Markets increasingly view the reopening of Hormuz as a key condition of any extended US-Iran ceasefire, although negotiations still require approval from both US and Iranian leaders.

Even if an agreement emerges, shipping activity may take time to recover because operators could first need to remove mines from the waterway.

One proposal reportedly gives Iran 30 days to complete that process.

As traders priced in a lower risk of prolonged disruptions, crude prices retreated sharply over the past week, helping drive gains in global bond and equity markets.

The US Dollar Index has weakened only modestly since May 18, but Macquarie expects foreign-exchange markets to respond more strongly if oil prices continue falling.

Higher energy costs have already pressured major importing economies. Eurozone consumer inflation reached 3% in April from about 2% before the conflict, while preliminary data point to a reading near 3.3% in May.

With wage growth running near 2.5% on an annualized basis, rising prices have likely reduced real incomes across the euro area, even as expectations for a European Central Bank rate increase remain in place.

The United Kingdom faces similar challenges, with May composite Purchasing Managers' Index data remaining below 50 and real wage growth showing little improvement since the first quarter, according to the report.

In Japan, higher energy costs prompted the Bank of Japan to cut its 2026 growth forecast to 0.5% from 1.0% and raise its core inflation outlook to 2.8%, Macquarie said.

Japanese authorities have largely relied on foreign-exchange intervention instead of tighter monetary policy, spending about $74 million in May to support the yen against speculative pressure, the report said.

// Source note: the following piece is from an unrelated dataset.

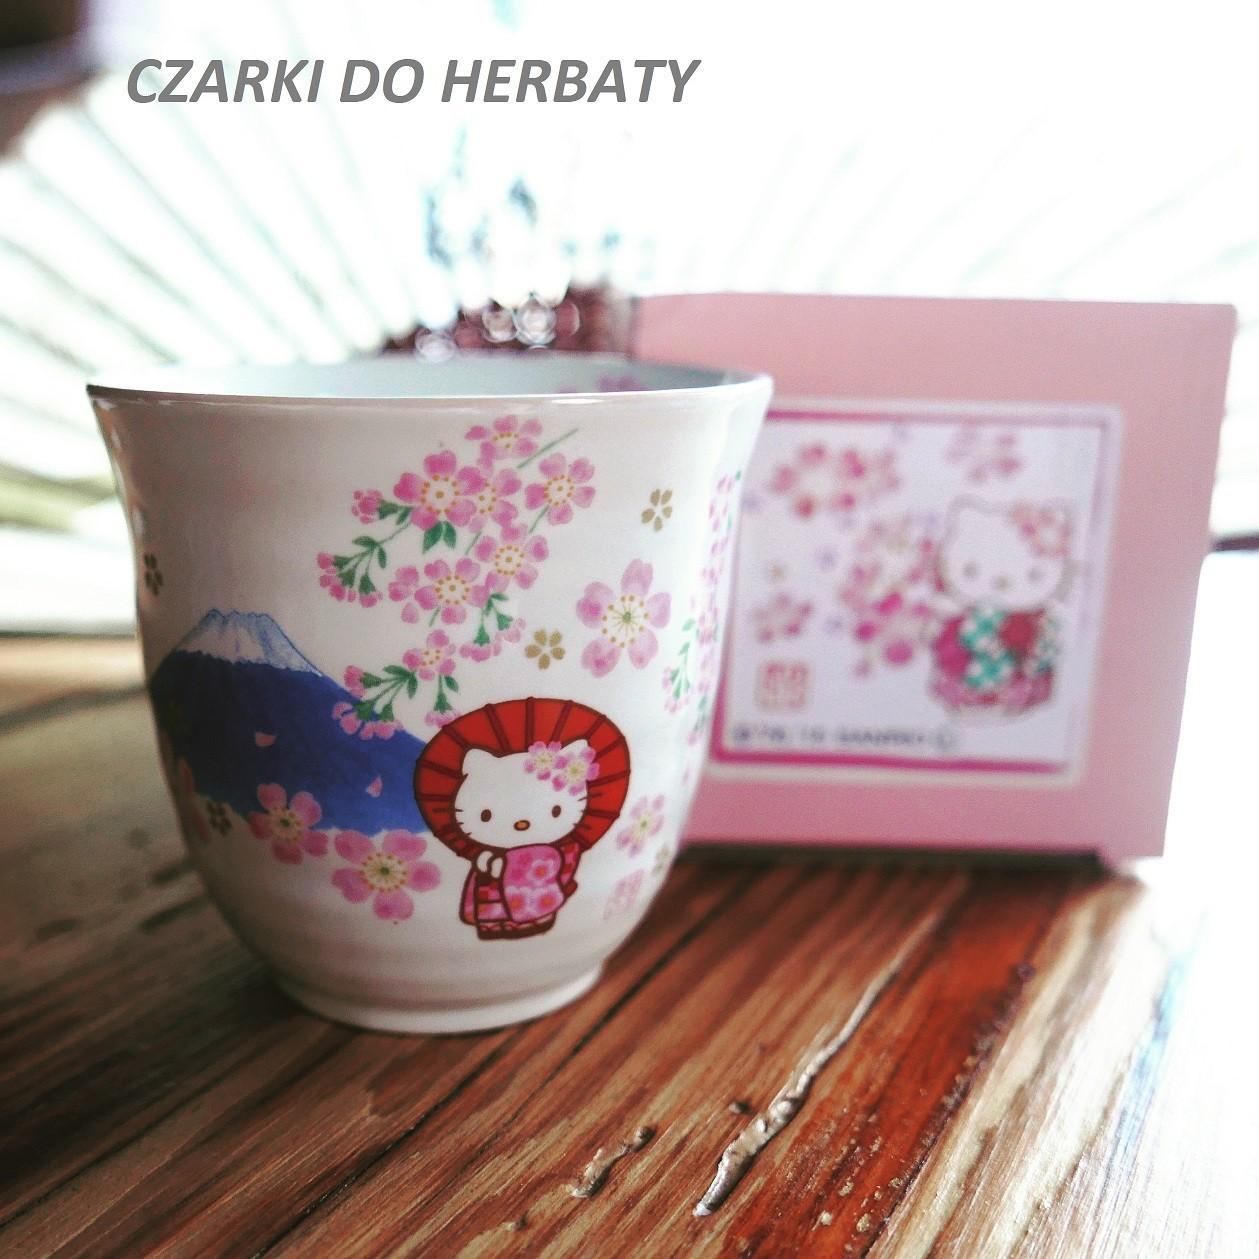 Czarki do herbaty

A Brookings Institution analysis suggests temporary supply buffers could largely disappear by July if Persian Gulf oil flows remain constrained. Under that scenario, nearly half of the roughly 15 million barrels per day that moved through Hormuz before March could be removed from the market.

Macquarie said renewed Hormuz flows would therefore provide meaningful relief for oil-importing economies, supporting currencies such as the euro, pound and yen.

Macquarie highlighted the Cleveland Federal Reserve trimmed mean inflation at 2.83% in May, up from 2.64% in March, with the monthly reading reaching 0.43%, or 5.2% annualized.

The firm cautioned that the outlook depends on lower oil prices. If crude remains elevated, the US dollar could stay firm as inflation pressures persist and the Federal Reserve leans toward keeping a tightening bias.